Thank you for the reply on a Sunday night ;-). I certainly agree that the sensitivity kernels inside the PML are meaningless, but, unless I have made a mistake, it seems to me that large values are occurring one cell inside the real model/non PML area. I will check this again tomorrow to be sure. Even if it is the case, however, I suppose I could just mute both the PML and one cell inside the model.

-Alan

ar4 commented 6 years ago

This plot shows the Vp sensitivity kernel amplitudes at the top of the domain, in the horizontal middle. The 15th and 16th cells have high amplitudes. Since I used the default 3 element PML width, I believe the 15th cell is the last cell of the PML, and the 16th cell is the first cell in the non-PML region. Is that correct?

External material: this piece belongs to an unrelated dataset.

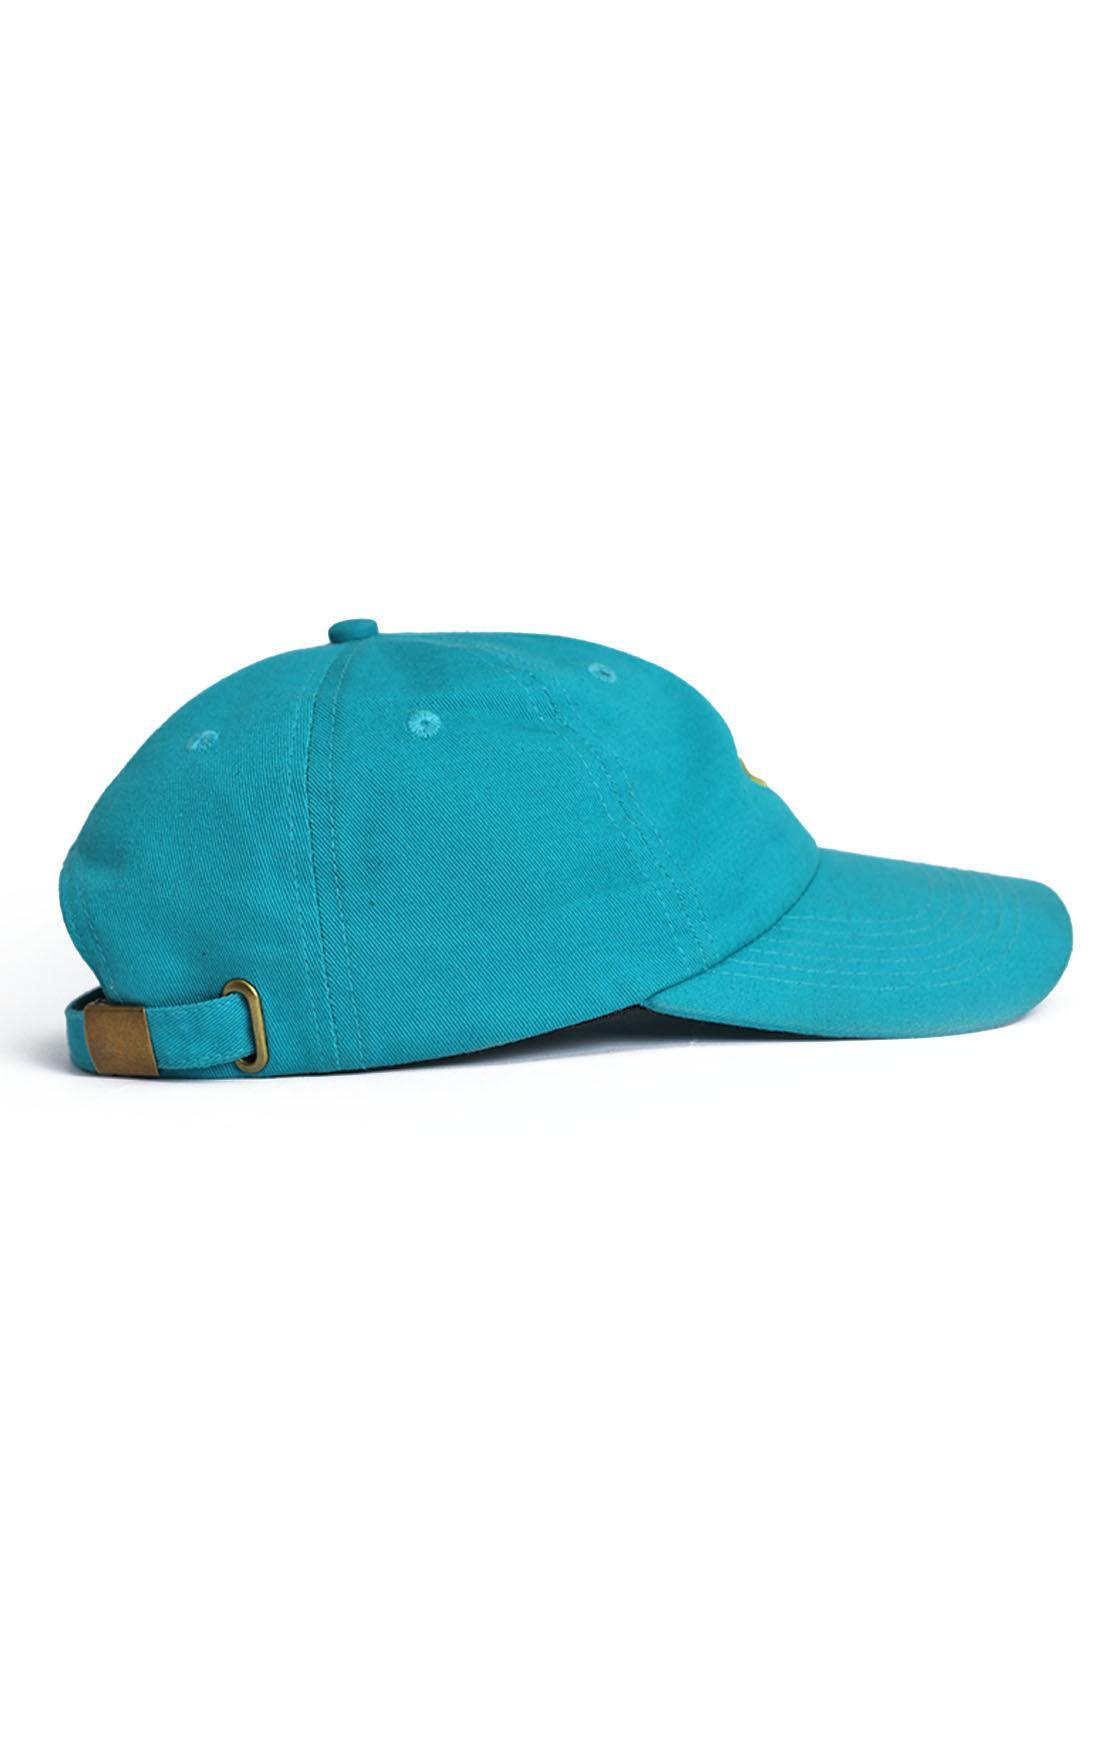 OLLYS. Teal Cotton Cap with Lime Logo - Elsie & Fred
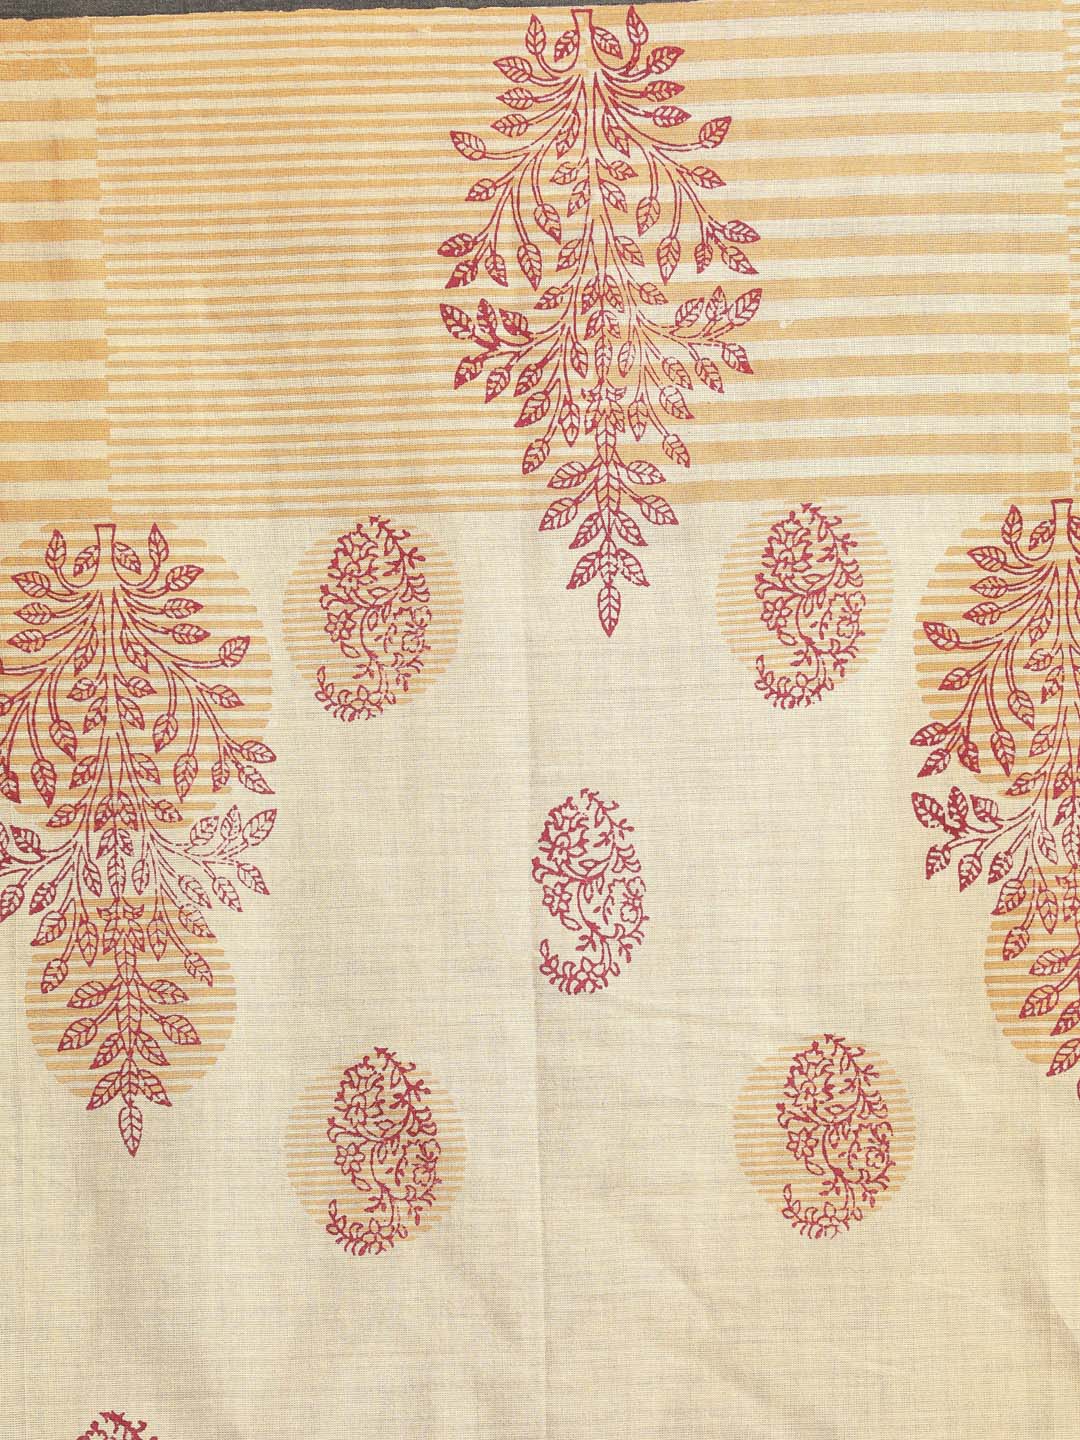 Indethnic Printed Pure Cotton Saree in Maroon - Saree Detail View

If this behaviour is expected, I will just mute the problem cells, but I wanted to make sure that I am not doing something incorrect. top_amps

komatits commented 6 years ago

Dear Alan,

Since PML is mathematically perfectly matched (before discretization and for an infinite PML; not true for finite size ones and after discretization, but still very good), that should not happen I think. Probably a numerical instability that develops in the PML (all PML models are weakly unstable, i.e. unstable at long propagation times; this is unrelated to SPECFEM, that's an unfortunate property of mathematical PMLs).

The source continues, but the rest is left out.